The Einstein inspiration has been captured in the following brand-sell, which could very well be a great piece of poetry:

Nothing is incredible,

Nothing is impossible,

Not everything should make sense.

If it’s crazy, illogical, mad, insane,

Maybe because nobody has done this before.

Fear is the thing that kills,

And so we will walk where angels fear to tread.

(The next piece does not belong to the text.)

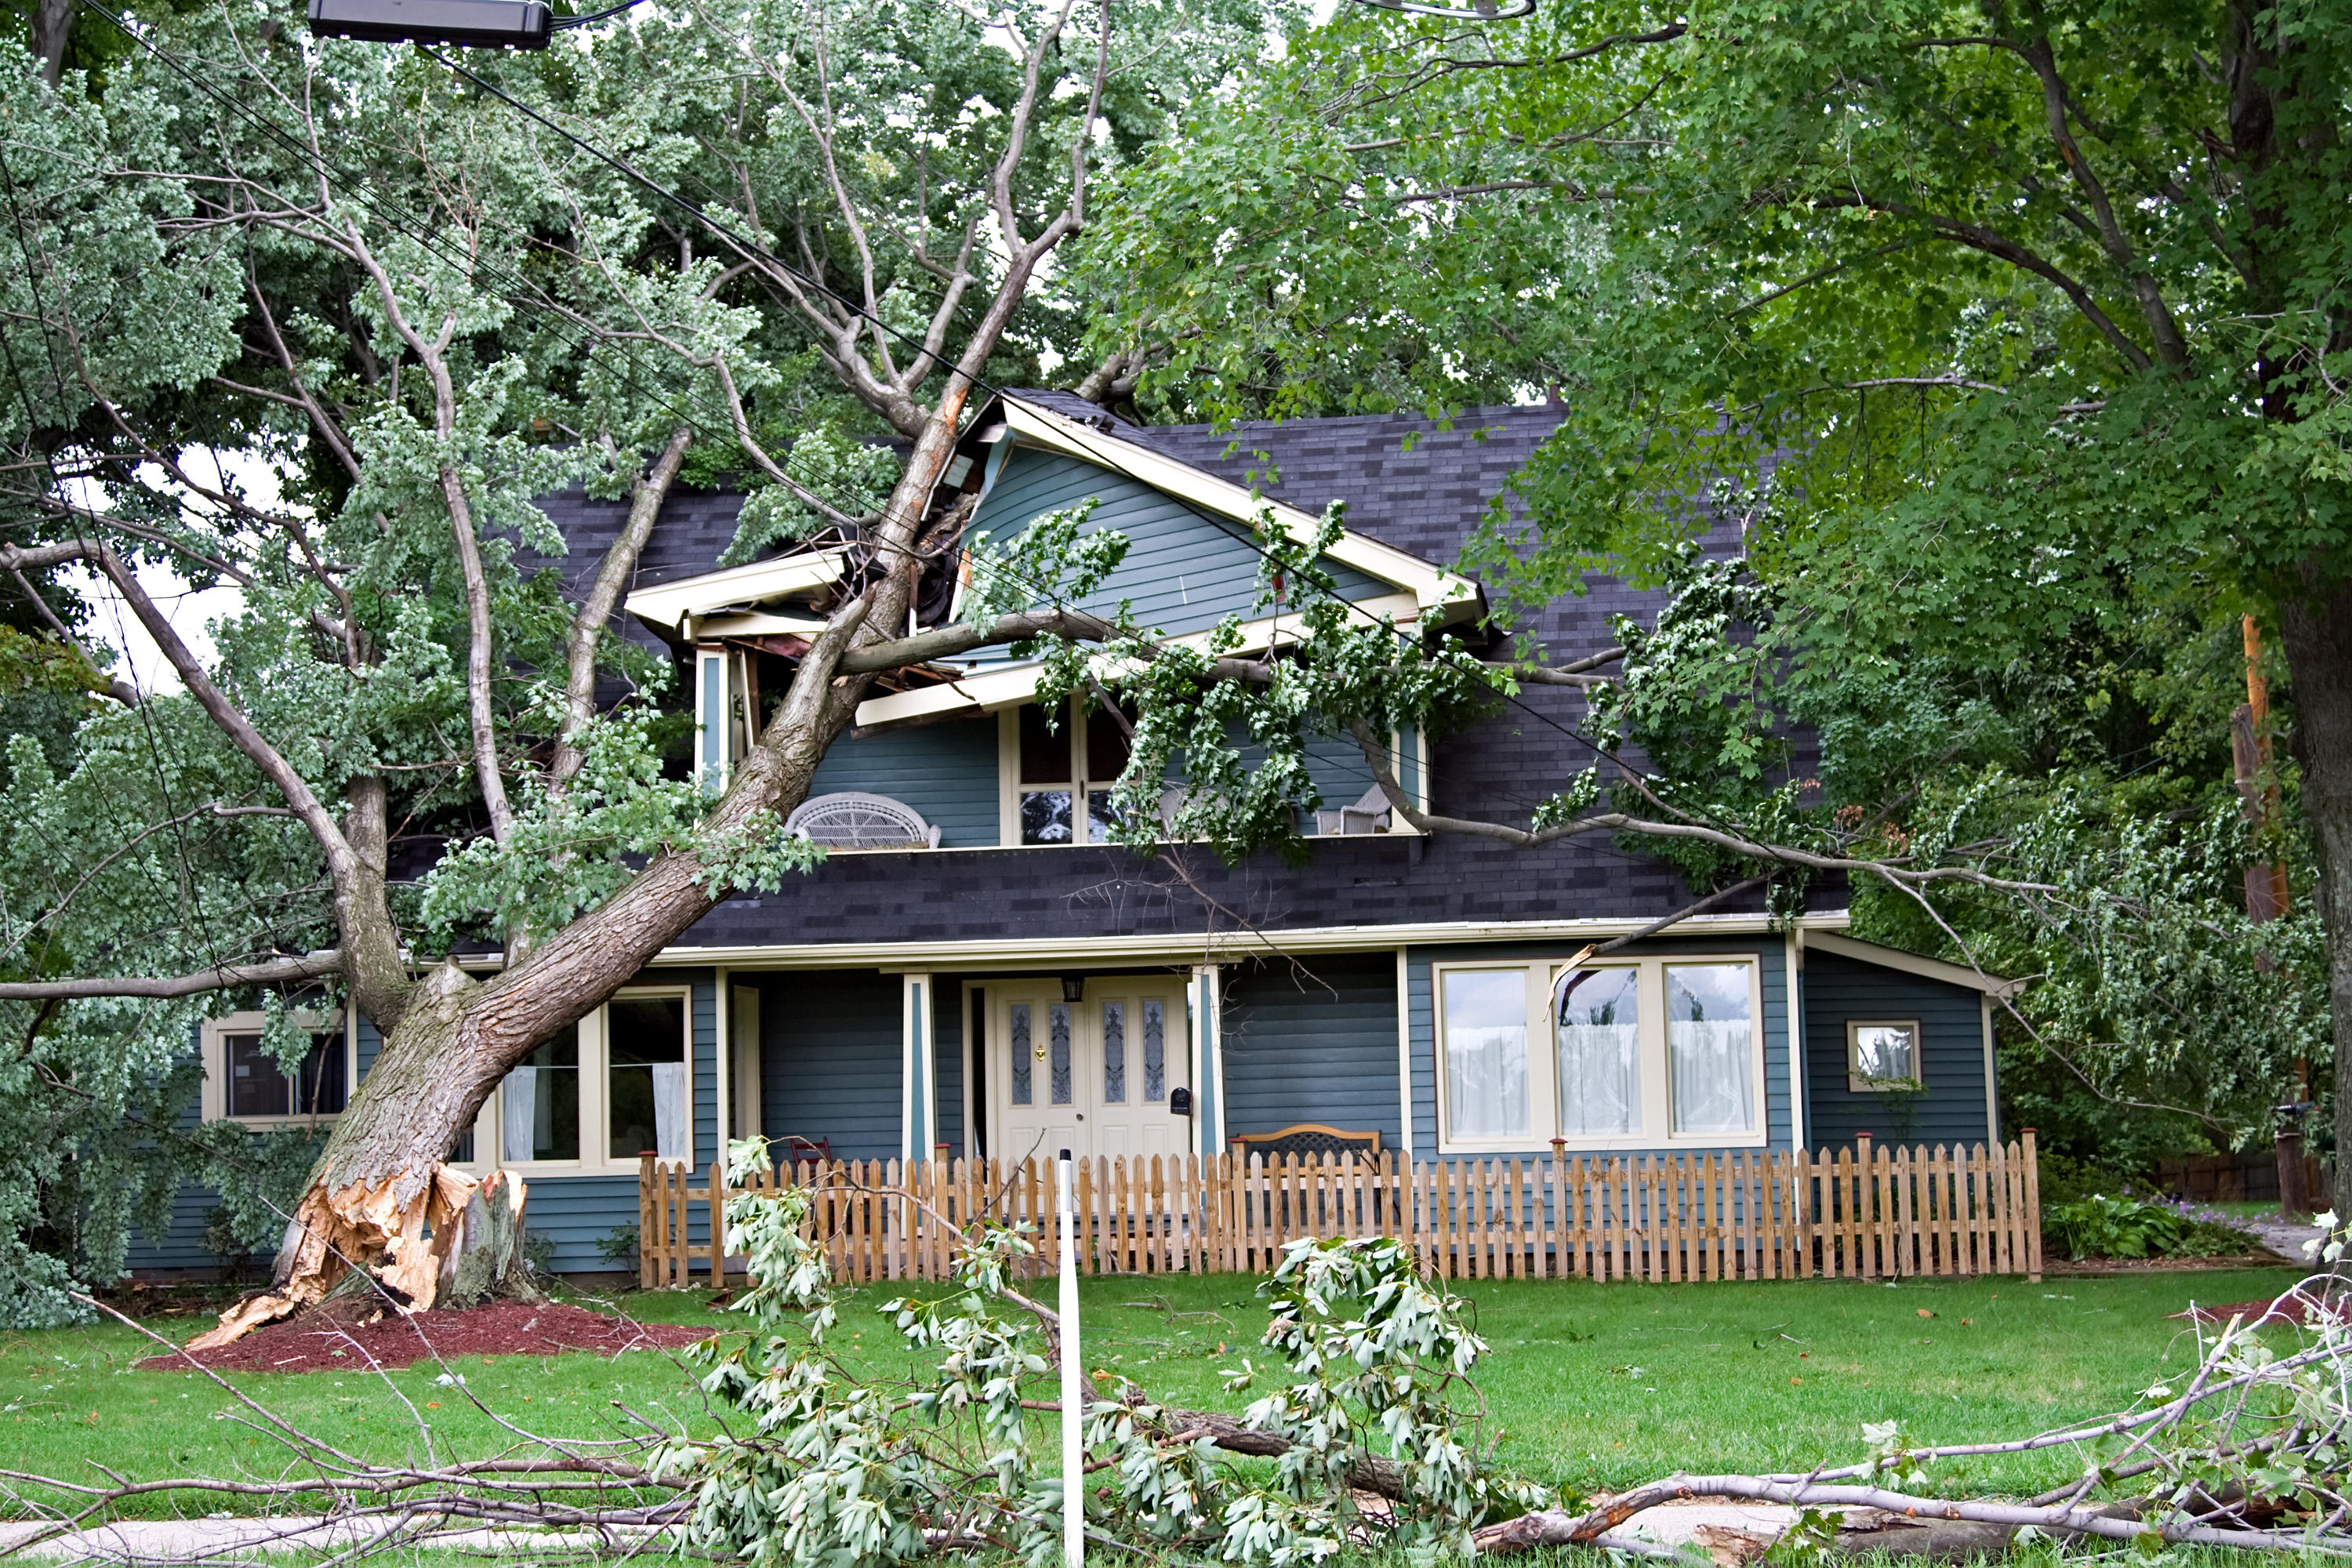 Storm damage can be dramatic or subtle.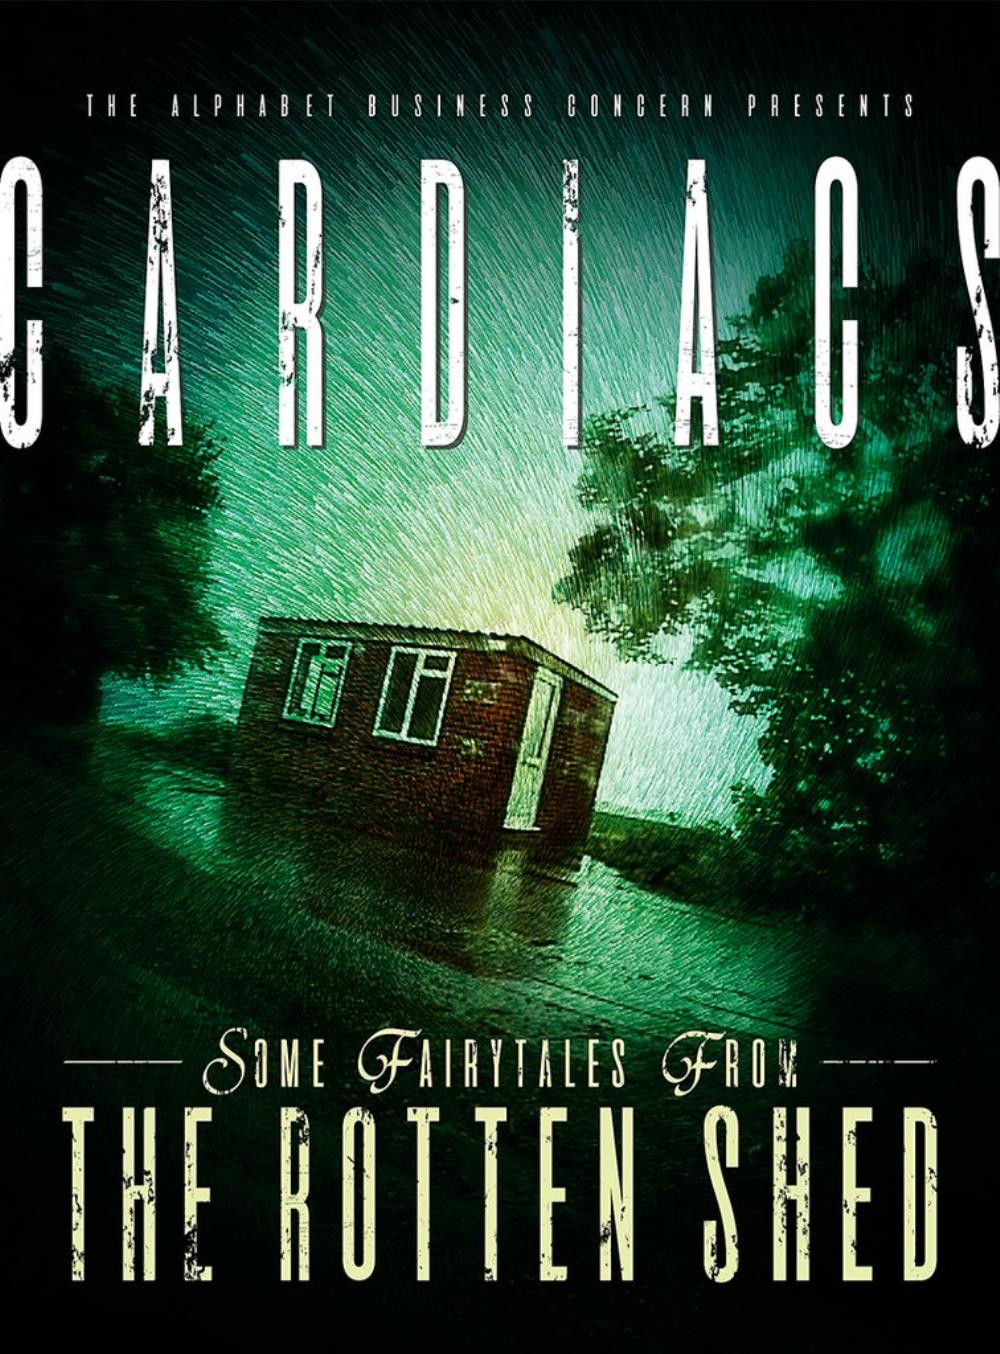 Cardiacs Some Fairytales From The Rotten Shed album cover

Brilliance can be lonely. So what.

The brain is not programmed to be predictable,

sensible, and sane at all levels.

We use a fourth of our brain.

Imagine if we use all of it.

There are more neurons in our brain

Than there are stars in the Milky Way.

So there’s no stopping of brilliant ideas.

Neuron won’t quit.


Neuron as a new player is playing a different riff that its customers are willing to hear. It’s a strategy that other new entrants in any market must do. The second mouse needs more than luck to get the cheese. It needs to be a keen observer of the market, asking hard questions like, "What is it that the first players haven’t done yet, or have ignored?" "Is there a niche in the market that’s open as a result of what the first has done or left out?"

There will always be room for new competitors. If you’re at a loss, learn from Al Ries. Or, perhaps, any second child.